Forum Discussion
NimbostratusSSL offload from Cisco ASA5520
I am trying to offload SSL connections (Anyconnect and clientless) to F5 LTM and then (re-encrypt and) pass through to available VPN gateway (Cisco 5520).
This works but the AnyConnect client will continuously disconnect and reconnect every second and not pass any traffic.
Has anyone observed (and resolved) this behaviour?
TAC also logged with Cisco for this.
Thanks, Dan
5 Replies
dansmaaash_1158Some more info: SSL offloading works and the VPN client builds a tunnel through to the ASA. PING tests with packet size of 1371 bytes (or lower) work and the tunnel is stable with no loss. PING sizes of 1372+ bytes and the tunnel drops and reconnects. Possibly related to DF-bit being set by F5? Anyone have any ideas?- dansmaaash_1158
Solution was related to fragmentation between the F5 and Cisco ASA.
What_Lies_Bene1Cirrostratus
Thanks Dan, good to know. PMTUD would sort this kind of thing out if anyone ever let ICMP through their firewall!
wilken_151979Hi , could you please tell what was the solution. i'm having the same problem.
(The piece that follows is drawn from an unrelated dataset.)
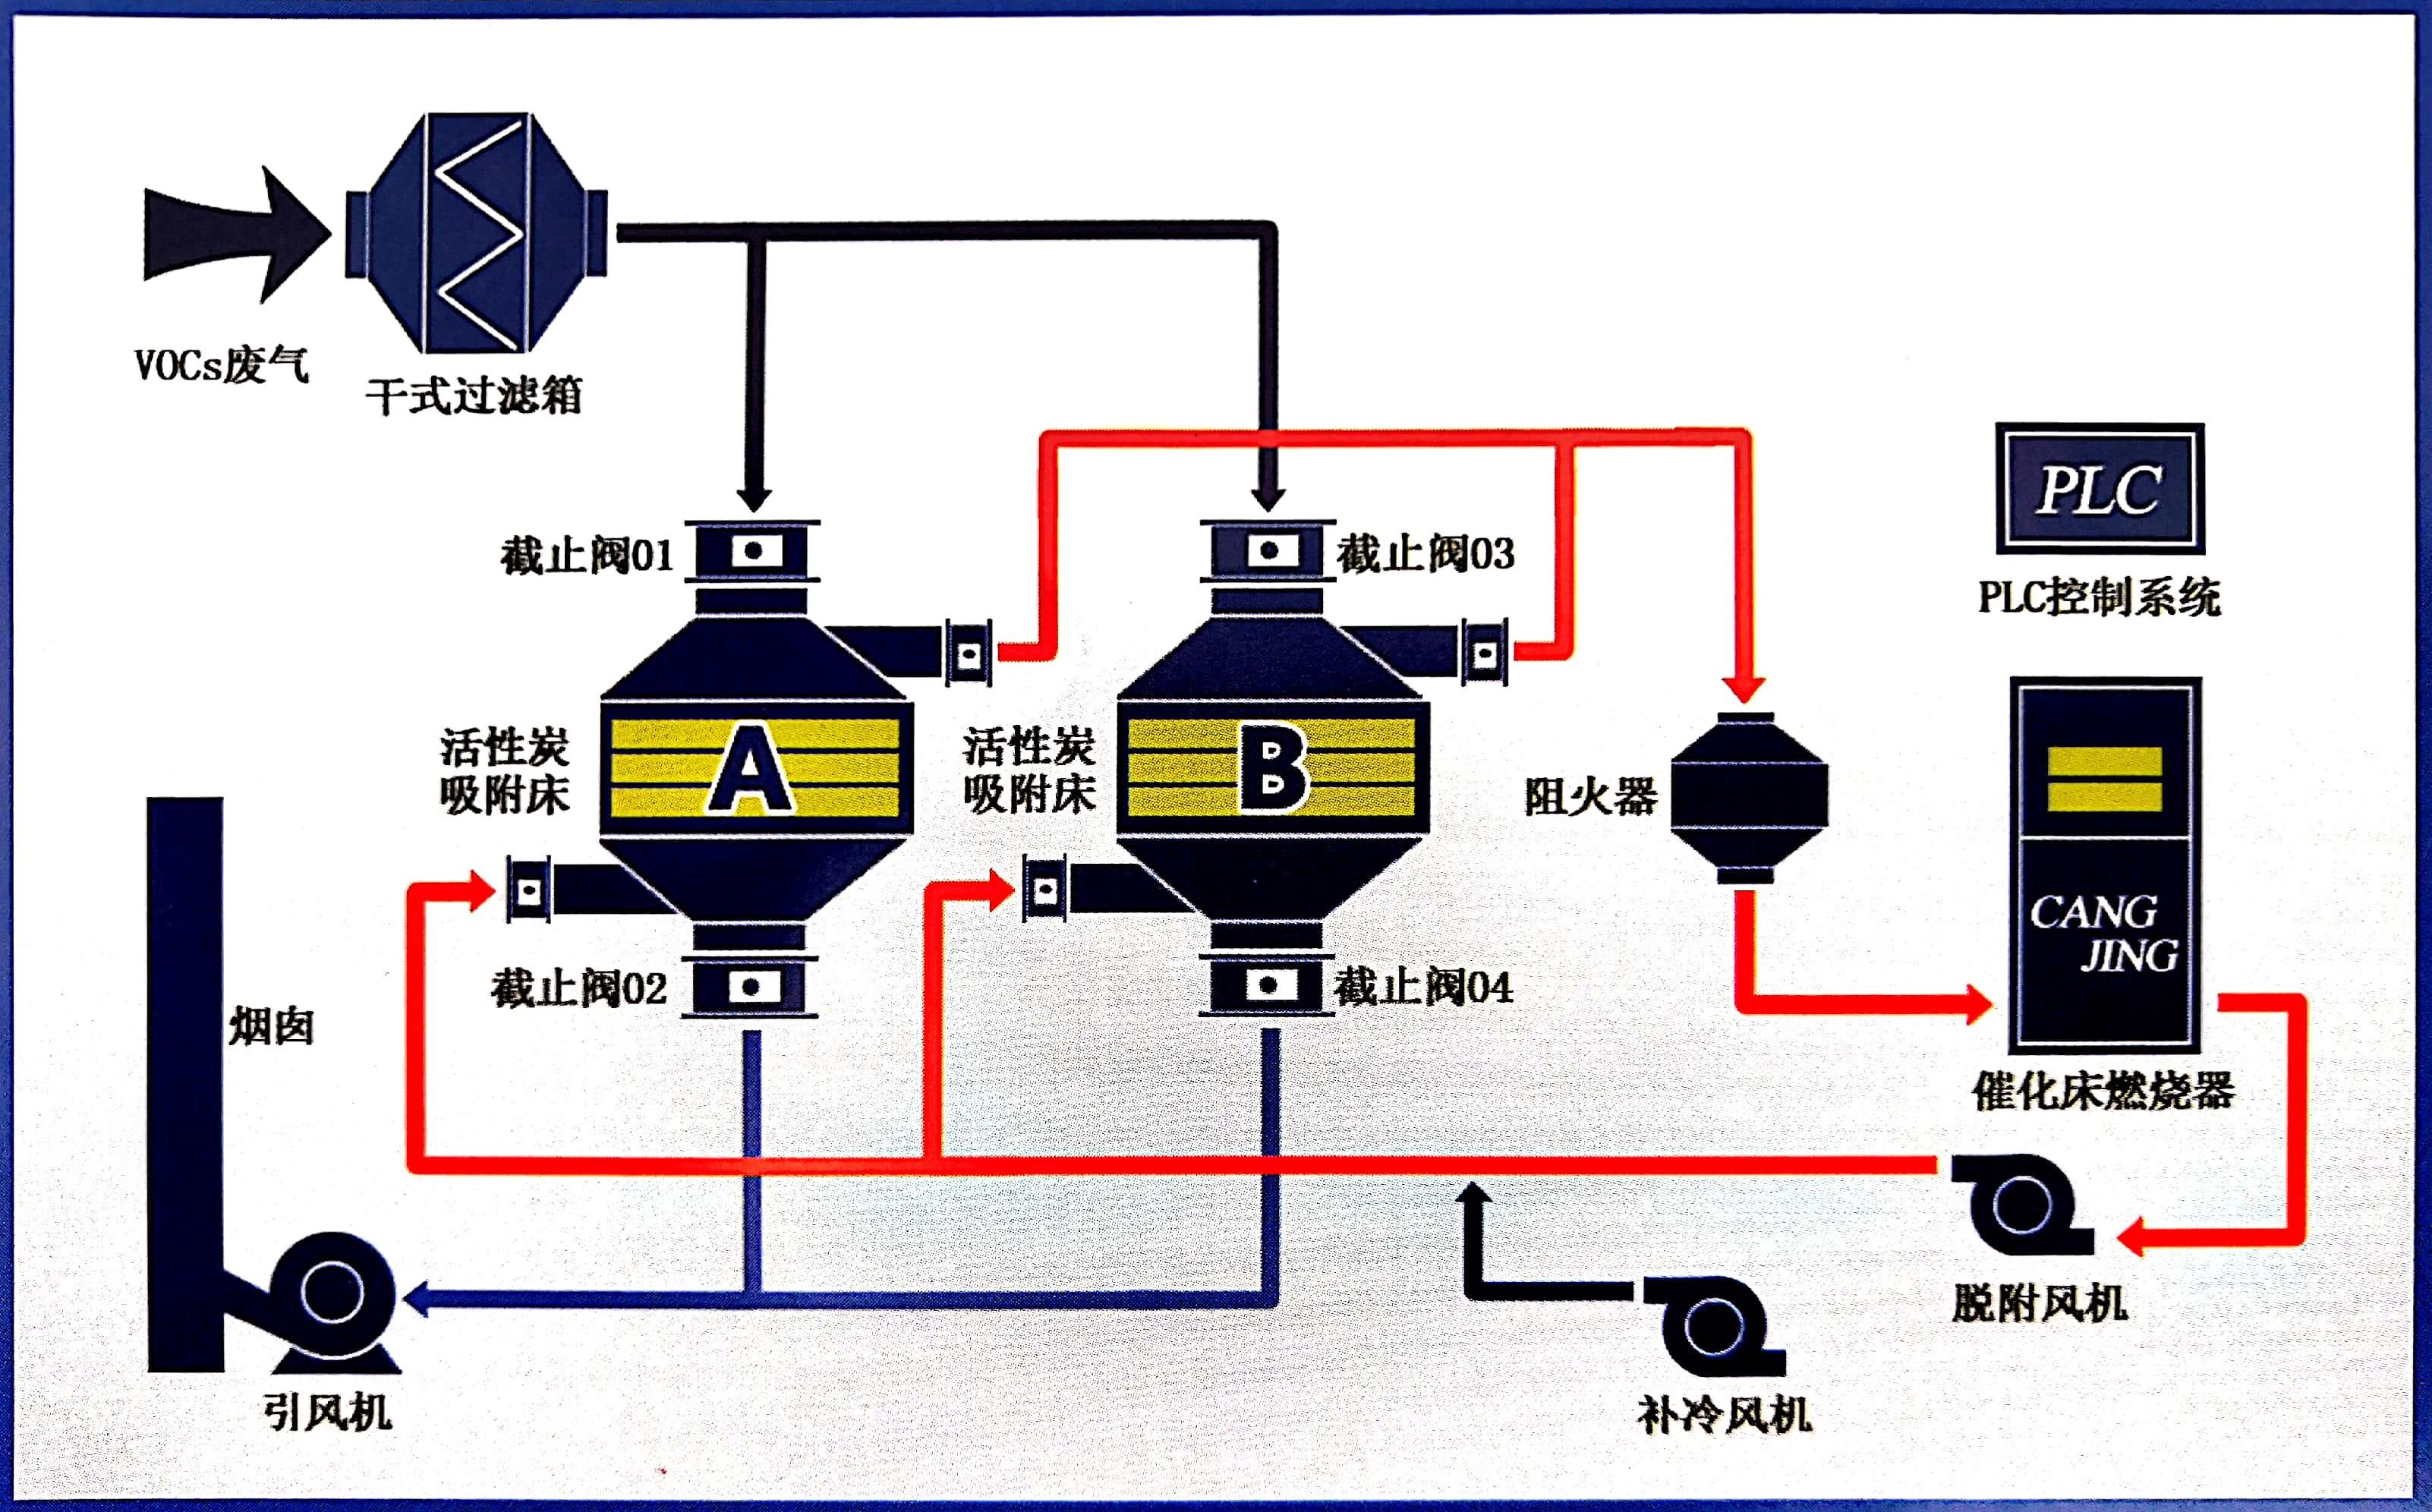 吸附脱附+催化燃烧一体化雷竞技raybet下载处理系统

Binh_ThaiI ran into the same problem with a similar deployment (LTM performing client-ssl & server-ssl before forwarding traffic to an ASA 5580). The ASA firewall is running v9.1.4 & AnyConnect v3, and I found the following link that describes the problem:
http://www.cisco.com/c/en/us/support/docs/security/anyconnect-secure-mobility-client/116881-technote-anyconnect-00.html
I tried using the workaround on the firewall as outlined in the link above, but none of them work for me. Finally, to fix this issue, I created another virtual server which load balances DTLS (UDP 443) to the ASA firewall, and the AnyConnect issues disappear.